Tout comme Bercy, les élus locaux veulent "« éviter une prise de contrôle à visée agressive. » Ce à quoi répond Laurent Castaing, directeur général de STX France : « Il ne peut pas y avoir de candidats industriels autres que de la construction navale . Les chantiers navals sont les seuls crédibles. » Et le dirigeant d'écarter la peur de voir un concurrent reprendre STX France. ? « ça dépend. Il y a des alliances qui peuvent être bonnes sur certains aspects. On le voit avec Alstom et GE. C'est vraiment pas tout blanc ou tout noir.
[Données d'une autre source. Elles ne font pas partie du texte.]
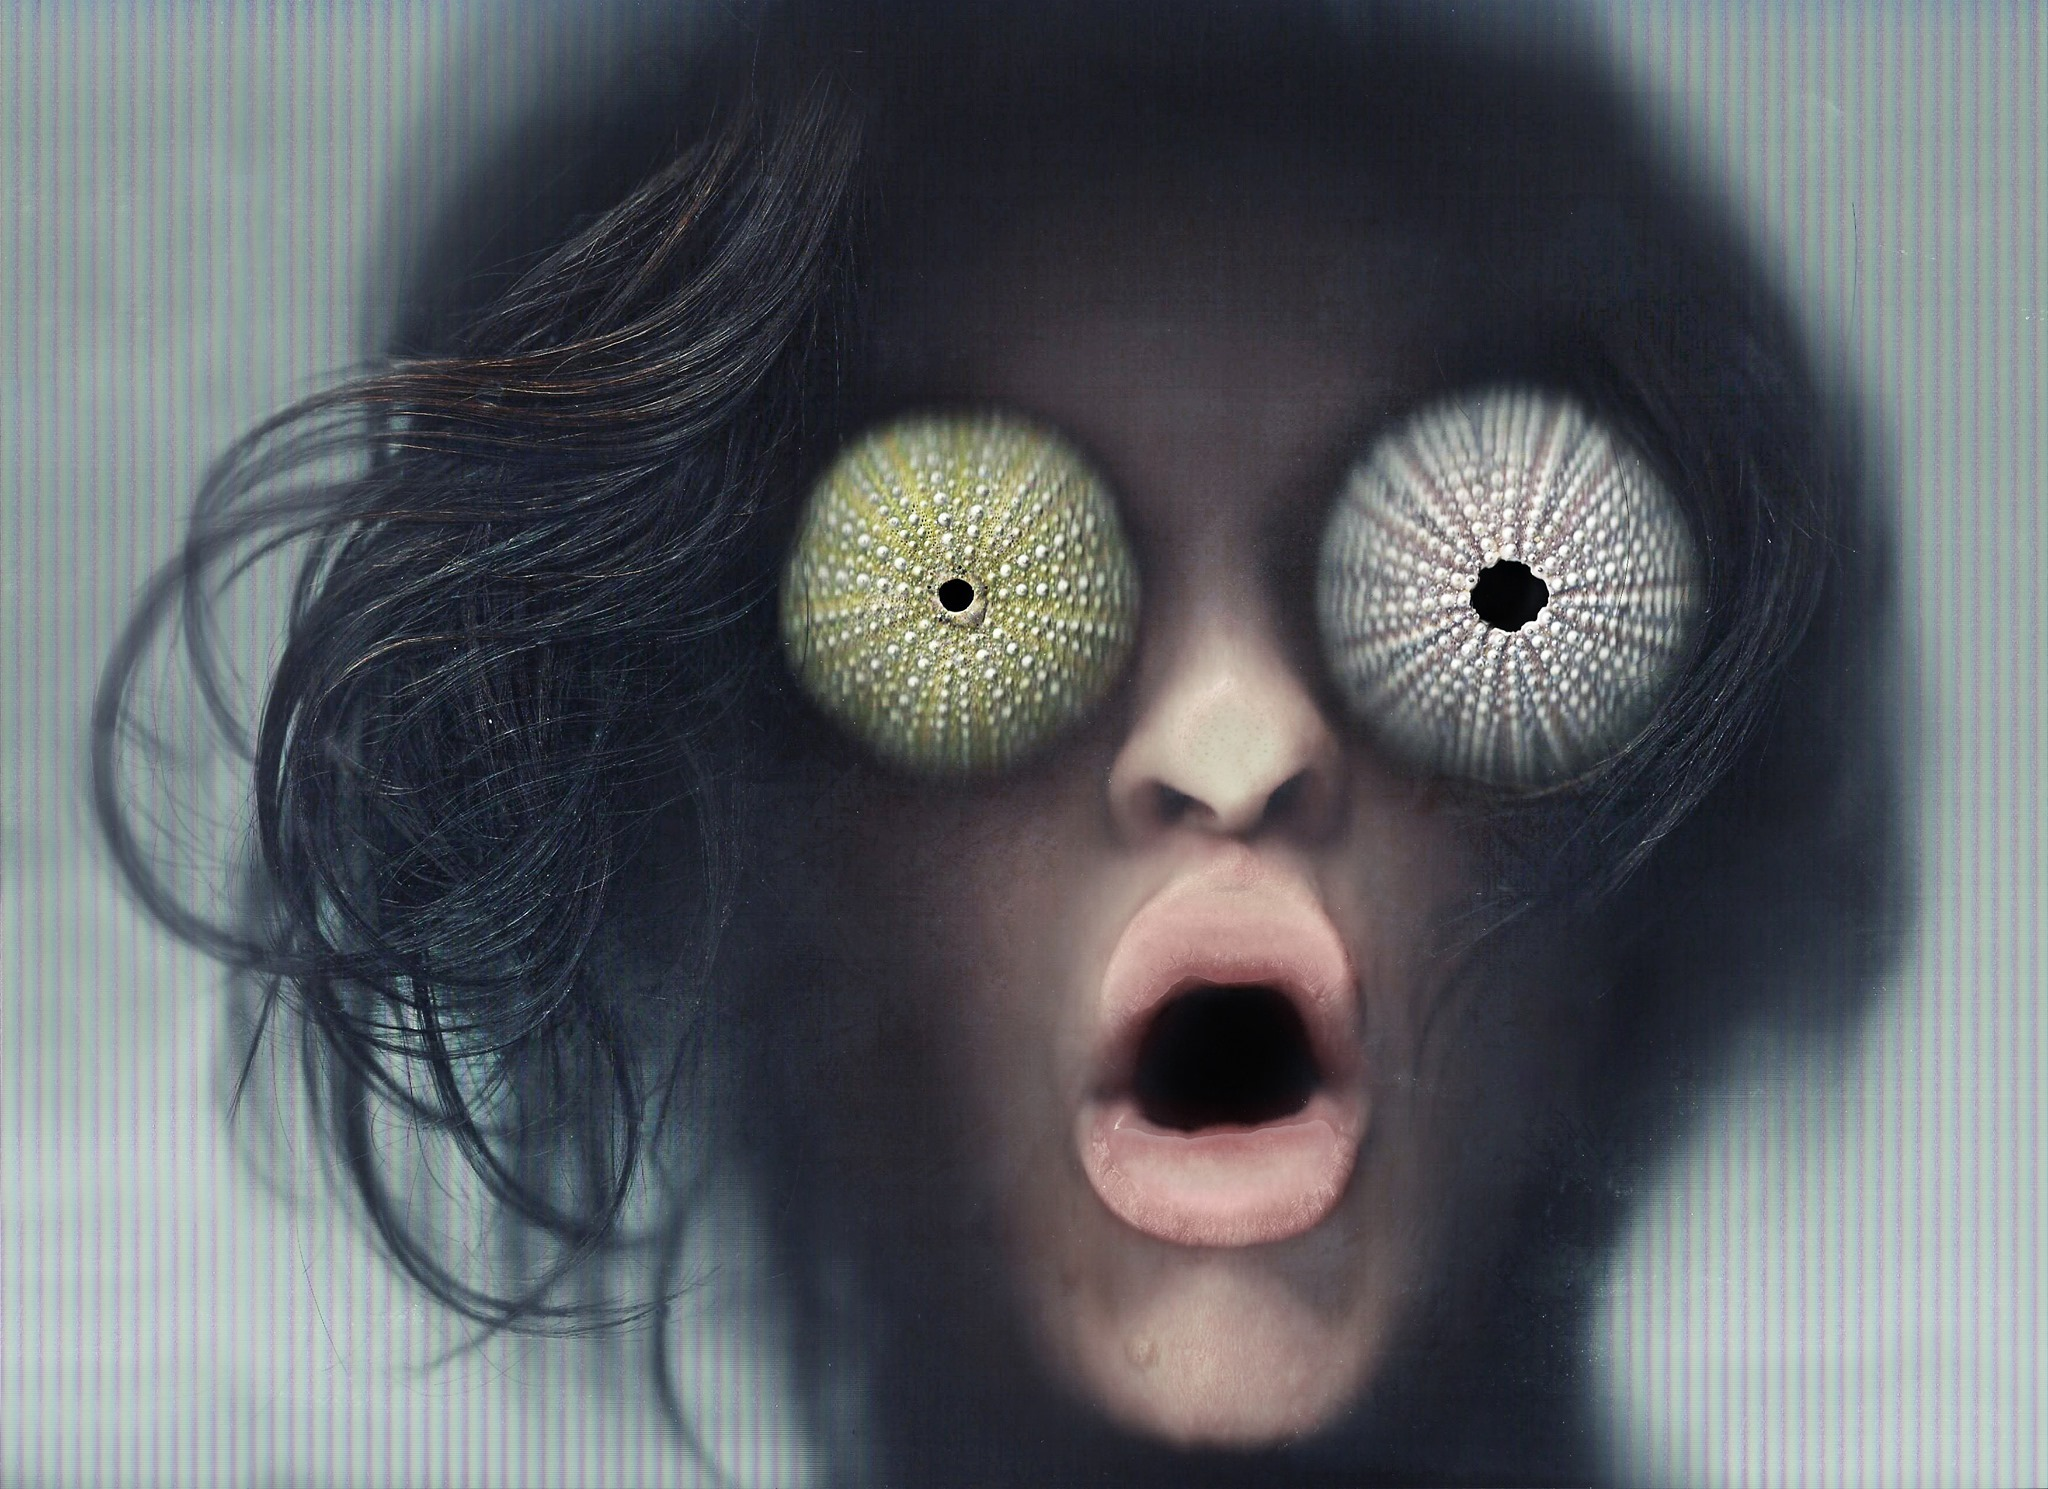 Medúza | Foto Michaela Petřek Linhartová

Cela dépend de qui s'intéresse à nous, pourquoi et pourquoi faire » Pour l'Etat, les priorités sont les suivantes : « la volonté de conforter l'emploi industriel et de maintenir le centre de décision R&D dans la région nazairienne. » De leur coté, les Coréens (KDB) ont mandaté le crédit suisse pour trouver des acheteursIls espèrent vendre STX Europe avant la fin de l'année. Cela recouvre des activités en Finlande et en France. il n'est pas exclu qu'il y ait des annonces dans l'été en Finlande - ce qui sous-entend que quelqu'un achète les activités finlandaises, et que quelqu'un d'autre achète STX France.




Minorité de blocage

Arnaud Montebourg dit que l'Etat est prêt à utiliser sa minorité de blocage - il possède un tiers du capital de STX France, filiale de STX Europe. Il se dit également prêt à s'appuyer sur le décret relatif aux investissements étrangers en France pour s'opposer à un repreneur jugé indésirable. Il se dit par ailleurs prêt à rechercher un ou plusieurs actionnaires industriels stables, si possible impliqués dans la construction navale et les énergie renouvelables, Le ministre de l'Economie se dit, enfin, prêt à accompagner ce ou ces futurs actionnaires, via une augmentation de la participation de l'Etat au capital de STX France. Seul souci pour le moment, les candidats à la reprise de STX ne se bousculeraient pas au portillon. Et ce, malgré le fait que le chantier naval a considérablement regarni son plan de charge depuis le début de l'année, avec les commandes de paquebots géants de MSC et de RCLL ou encore la commande d'un ferry pour Brittany Ferries. « Sur fond de questions, STX se tourne vers l'avenir. Le chantier naval vient de confirmer la construction d'une nouvelle usine dédiée aux sous-stations électriques pour les champs d'éoliennes offshores. L'investissement prévu se monte à 18 millions d'euros.